2. 7036 sayılı Kanun'un "Dava şartı olarak arabuluculuk" kenar başlıklı 3 üncü maddesinin birinci fıkrasına göre "Kanuna, ... veya toplu ... sözleşmesine dayanan işçi veya işveren alacağı ve tazminatı ile işe iade talebiyle açılan davalarda, arabulucuya başvurulmuş olması dava şartıdır." Maddenin ikinci fıkrasında ise "... Arabulucuya başvurulmadan dava açıldığının anlaşılması hâlinde herhangi bir işlem yapılmaksızın davanın dava şartı yokluğu sebebiyle usulden reddine karar verilir." düzenlemesi yer almaktadır.
3. Davacı vekilince dava açılmadan önce arabulucuya başvurulmuş, sürecin anlaşamama ile sonuçlanması üzerine son tutanak dava dilekçesine eklenerek dava açılmıştır. Arabuluculuk faaliyeti, tarafların anlaşamadığına ilişkin düzenlenen son tutanak tarihinden önce muaccel olan alacaklar için gerçekleştirilmiştir.
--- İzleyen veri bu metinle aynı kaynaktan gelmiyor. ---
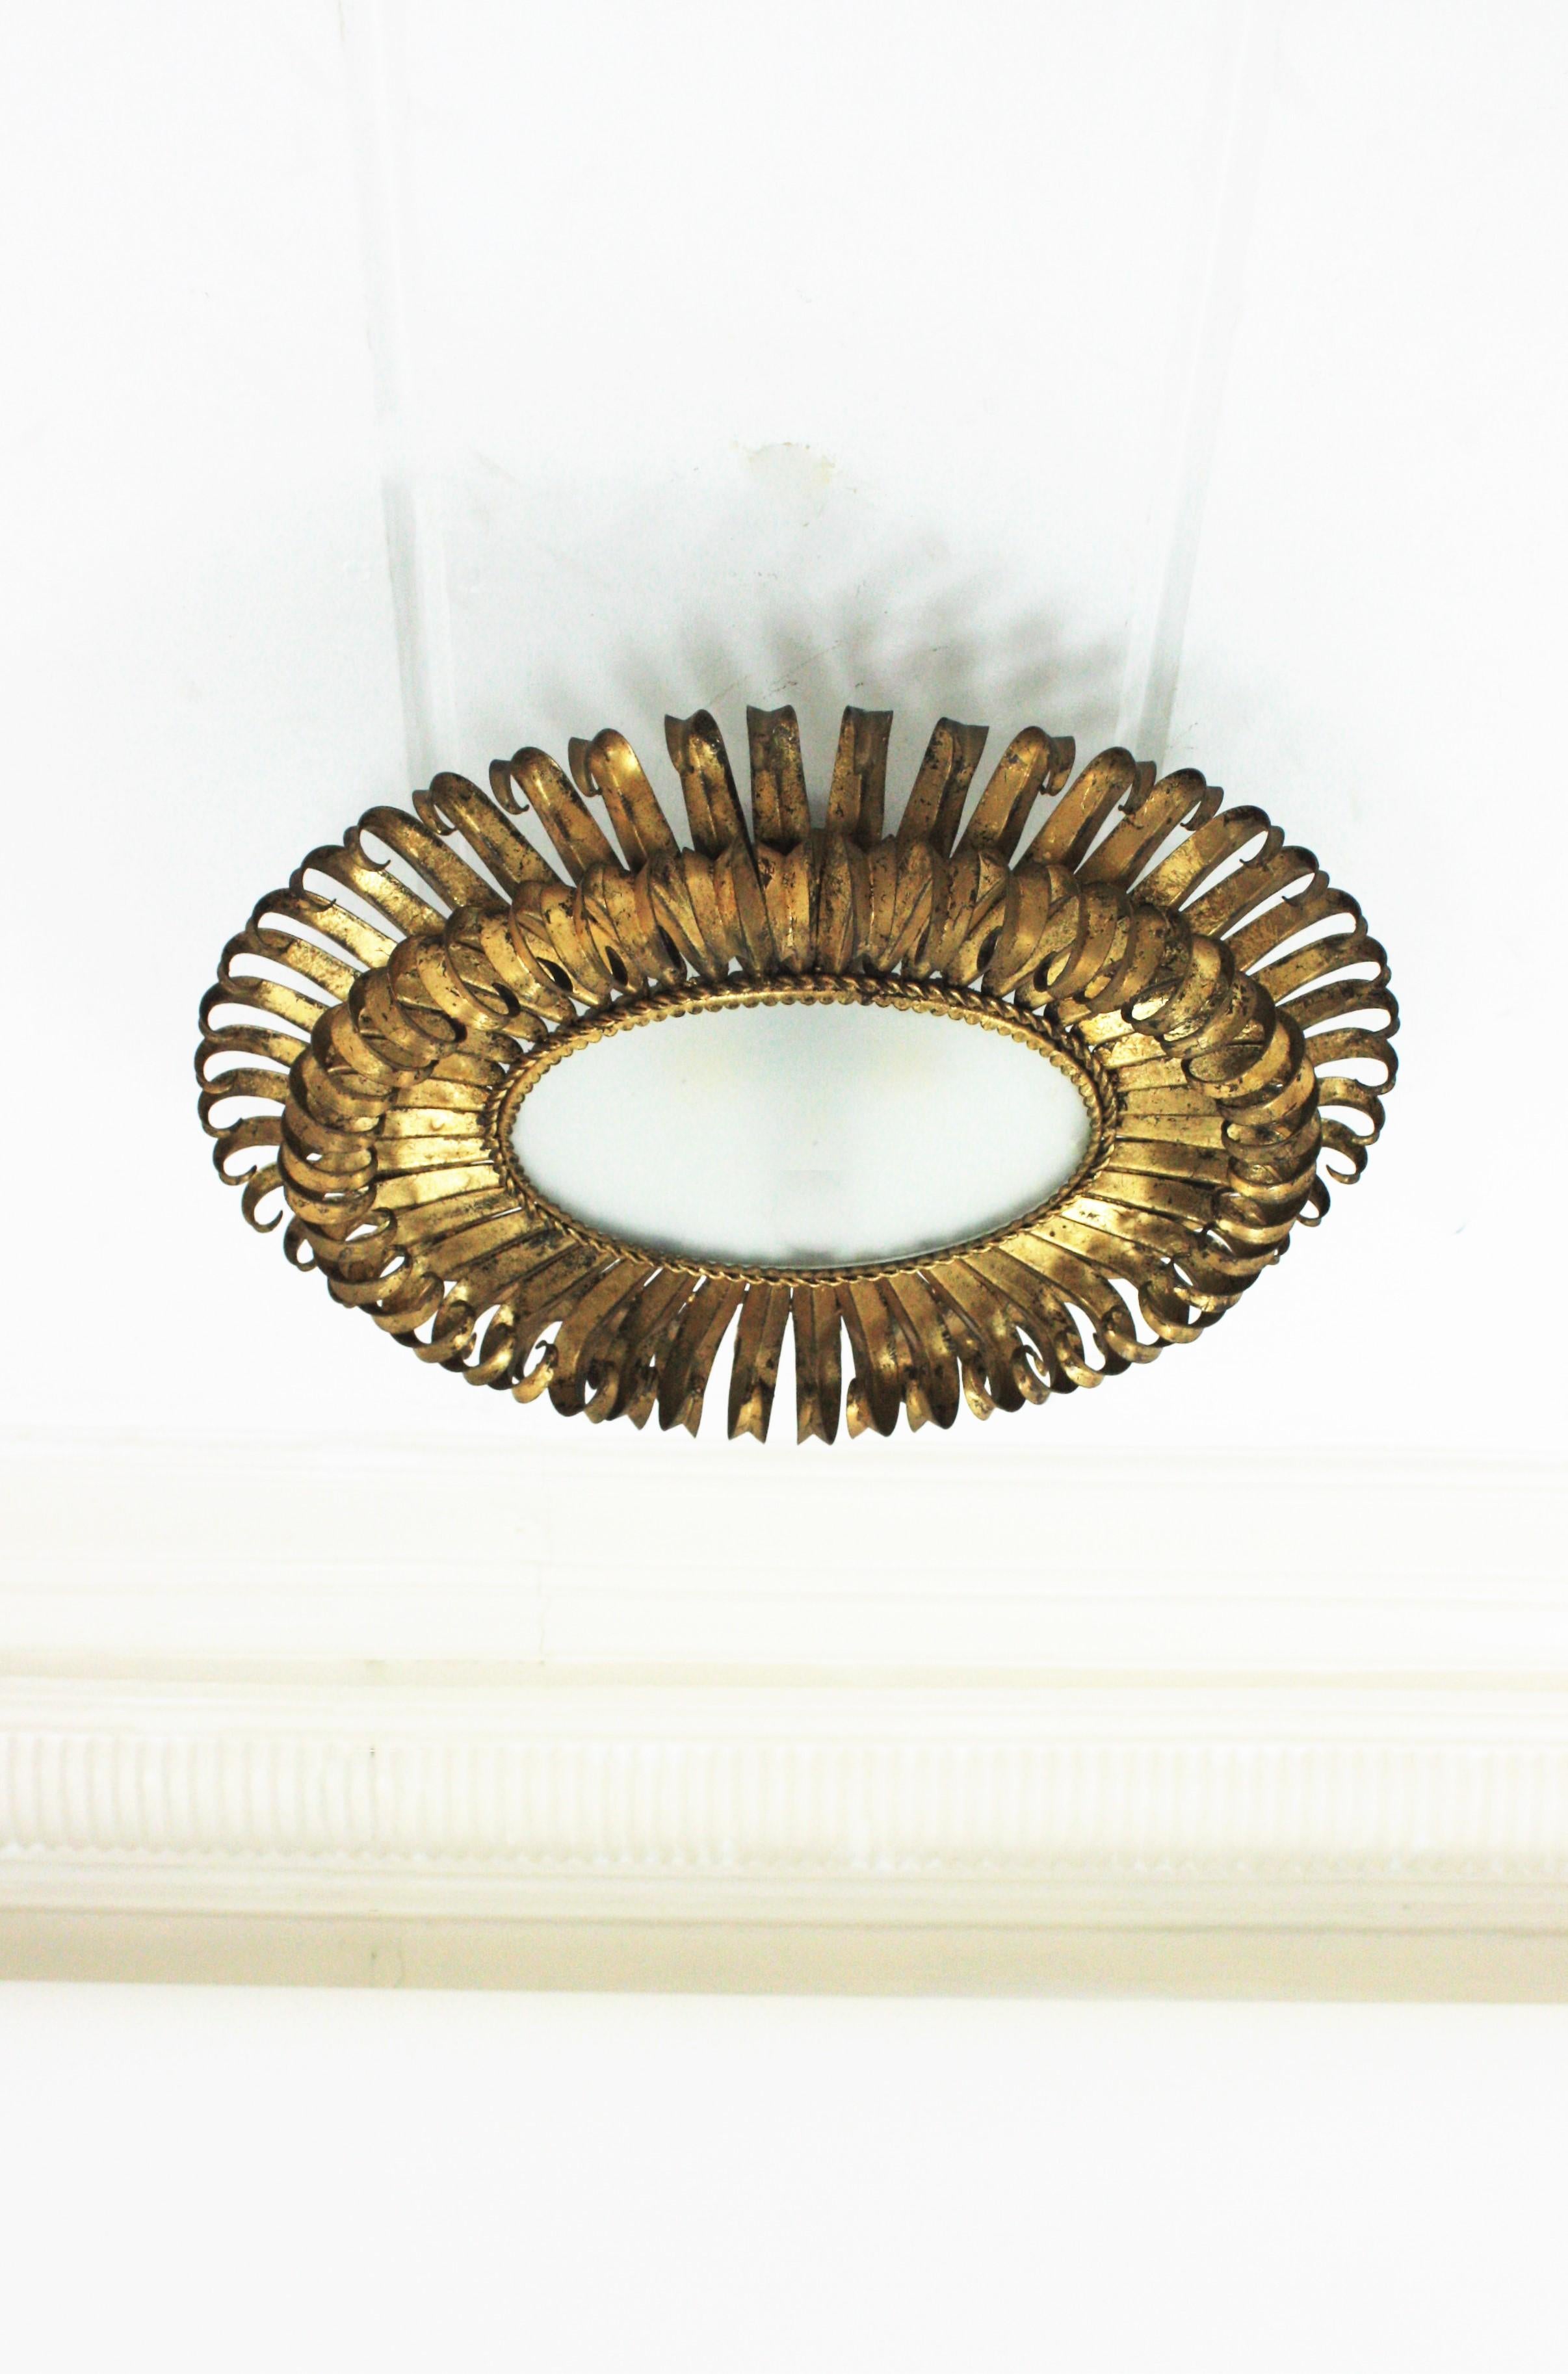 Stunning hand-hammered double layered eyelash gilt iron oval sunburst flush mount / pendant. France, 1950s. 
The frame is made by a double layer of curved beams in eyelash shape that makes the piece highly decorative. It has gold leaf finish and a
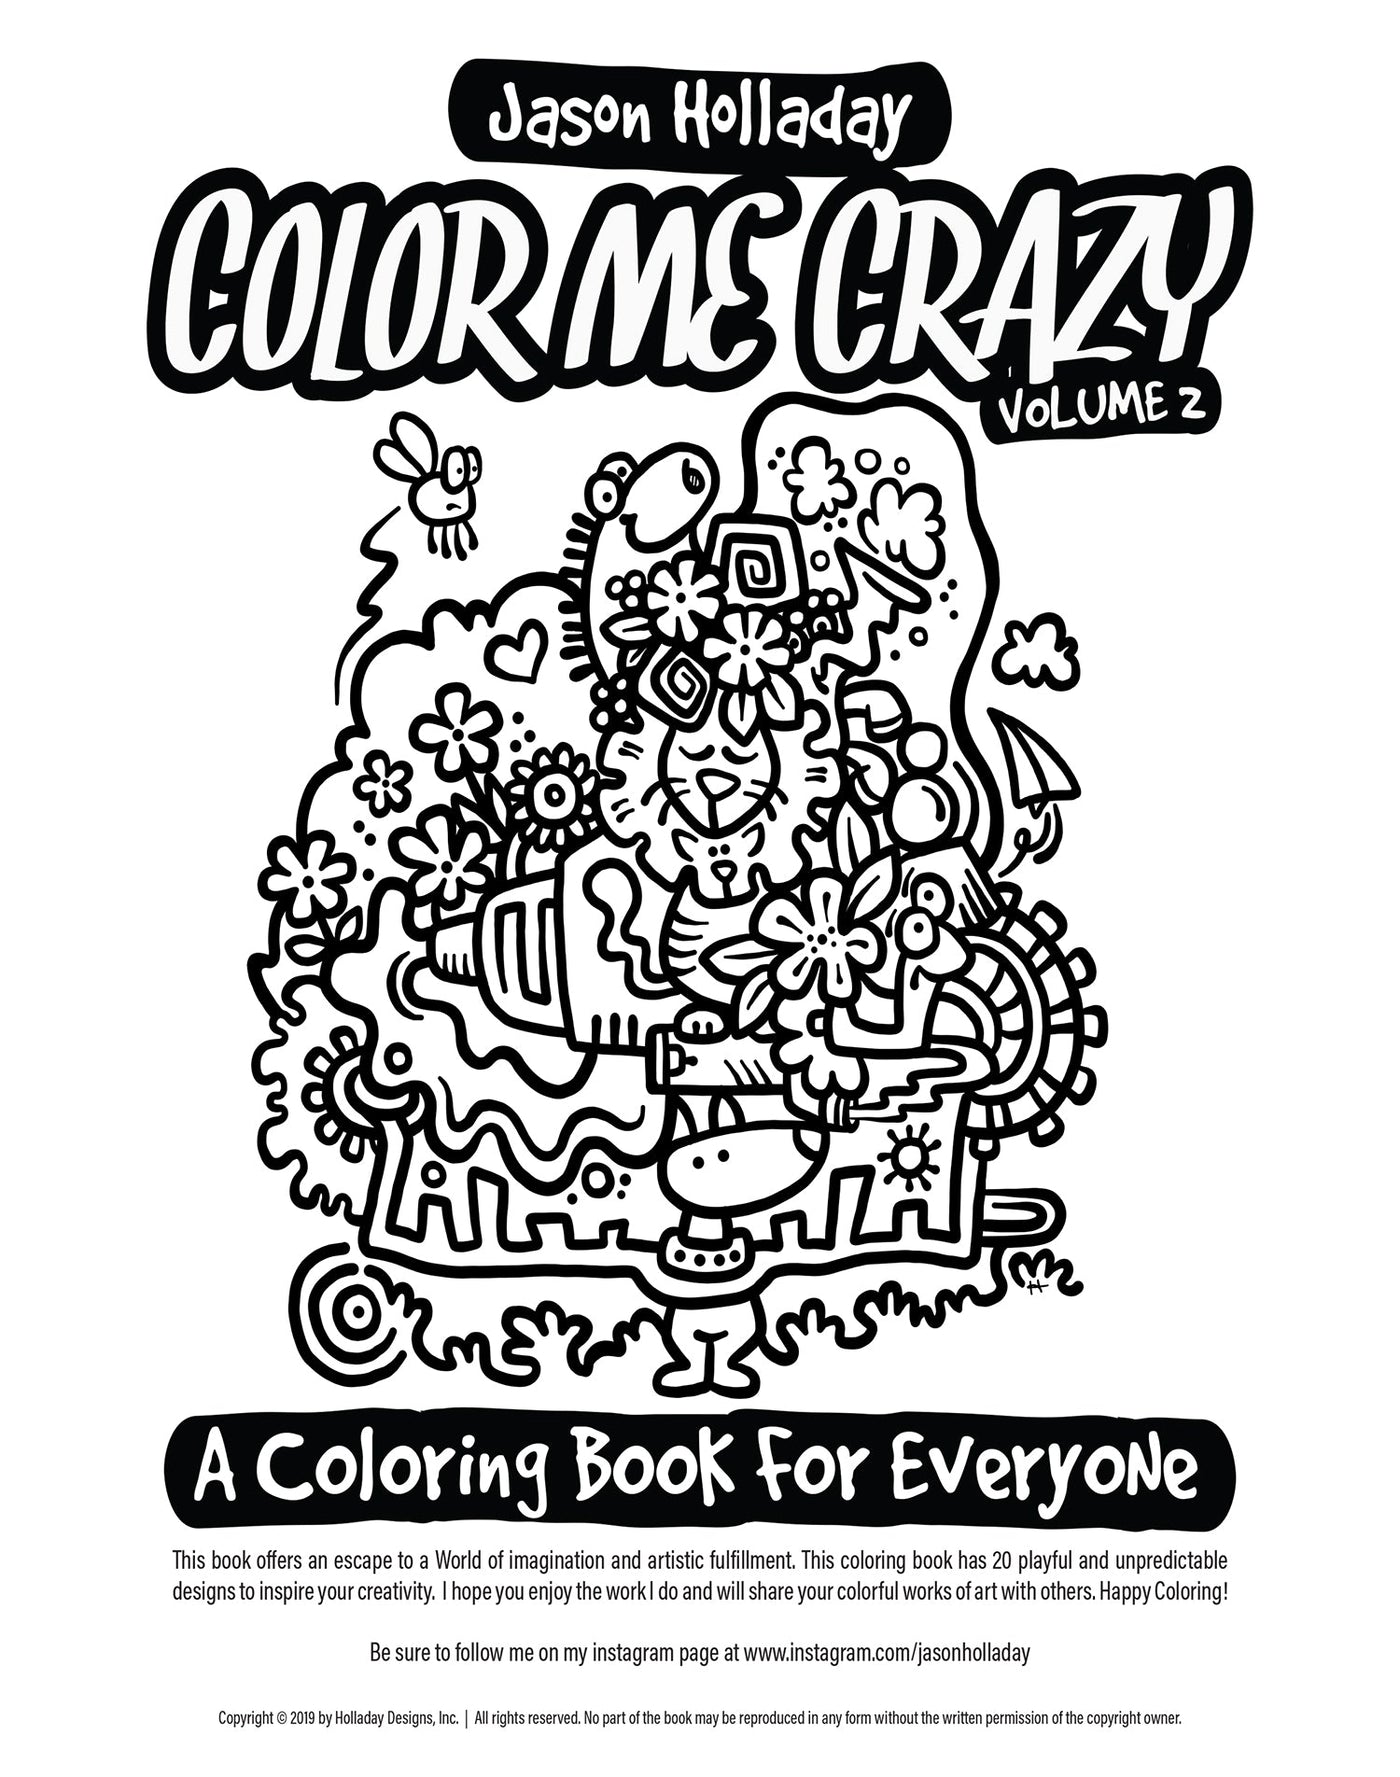 2 Creativity Hacks You Can Learn From the Adult Coloring Book Craze (Even  If Coloring Isn't Your Thing)
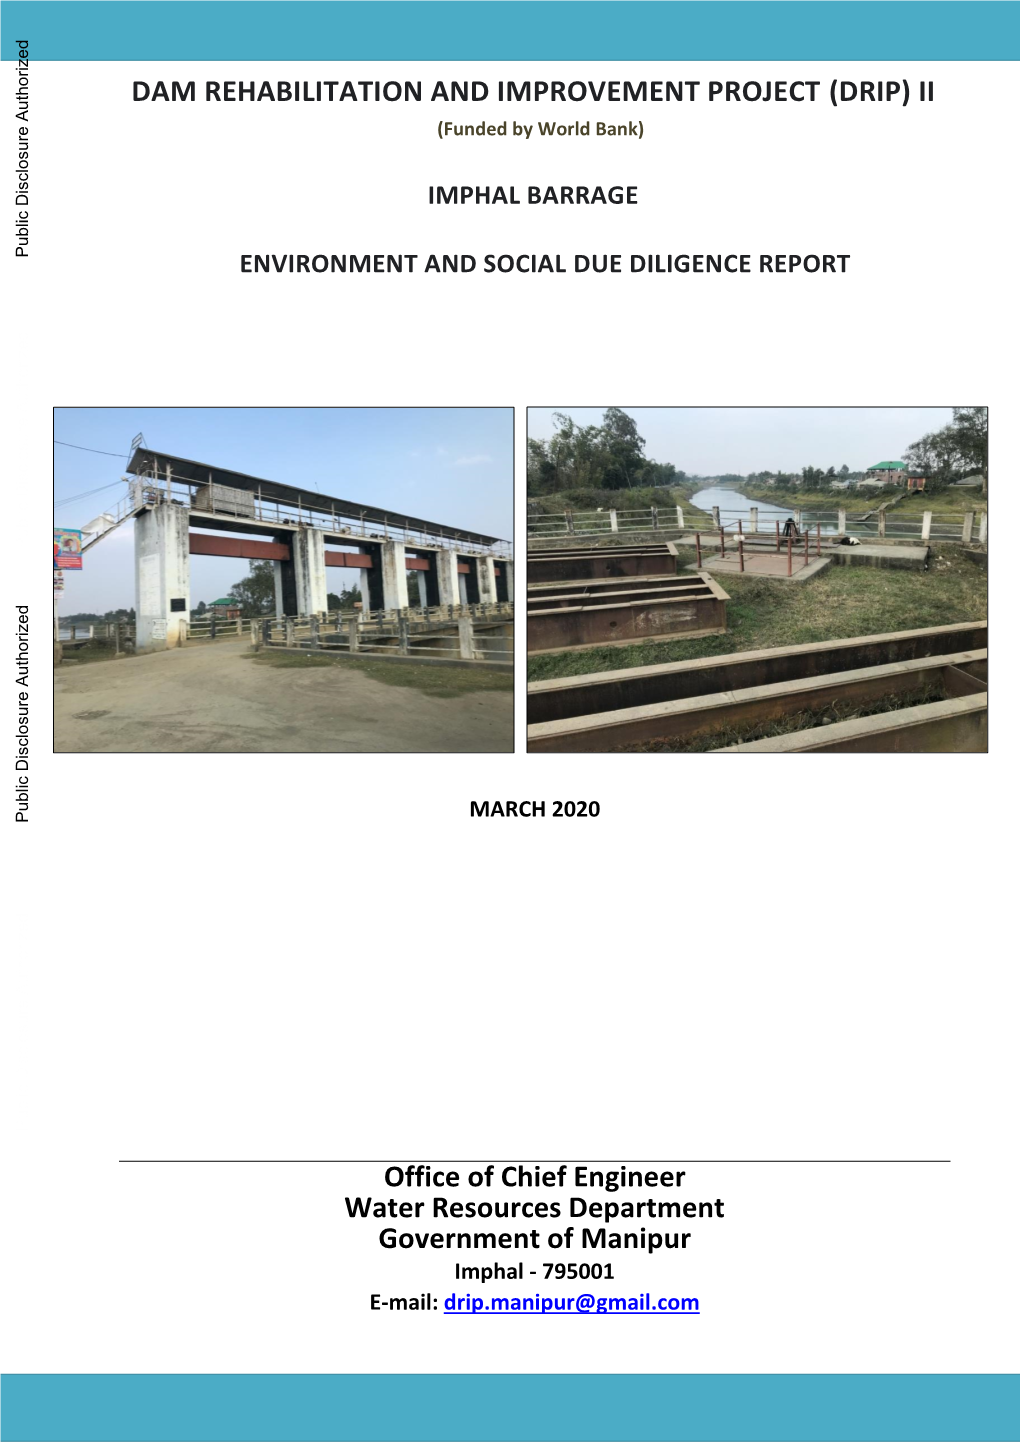 Imphal Barrage Environment and Social Due

4. Somut uyuşmazlıkta Mahkemece davacının fazlaya ilişkin hakları saklı tutulmak suretiyle ıslah dilekçesiyle bağlı kalınarak karar verilmiştir. Ancak dosya içerisinde arabuluculuk son tutanak tarihini gözetir şekilde hesaplama yapılan bilirkişi raporu bulunmadığı gibi Mahkeme gerekçesinde de bu yönde bir hesaplama bulunmamaktadır. Mahkeme gerekçesinde arabuluculuk son tutanak tarihini aşar şekilde dava tarihine kadar hesaplama yapılan hatalı bilirkişi raporunun usul ve kanuna uygun olduğu belirtildikten sonra ıslah dilekçesiyle bağlı kalınarak karar verilmiştir. Bu durumda Mahkemece, arabuluculuk son tutanak tarihi itibarıyla dava konusu yapılan alacak miktarları tespit edildikten sonra sonucuna göre ıslah dilekçesi de göz önüne alınarak hüküm kurulmalıdır. Arabuluculuk son tutanak tarihi itibarıyla henüz ödeme günü gelmeyen fark alacaklar yönünden hesaplama yapılmamalıdır.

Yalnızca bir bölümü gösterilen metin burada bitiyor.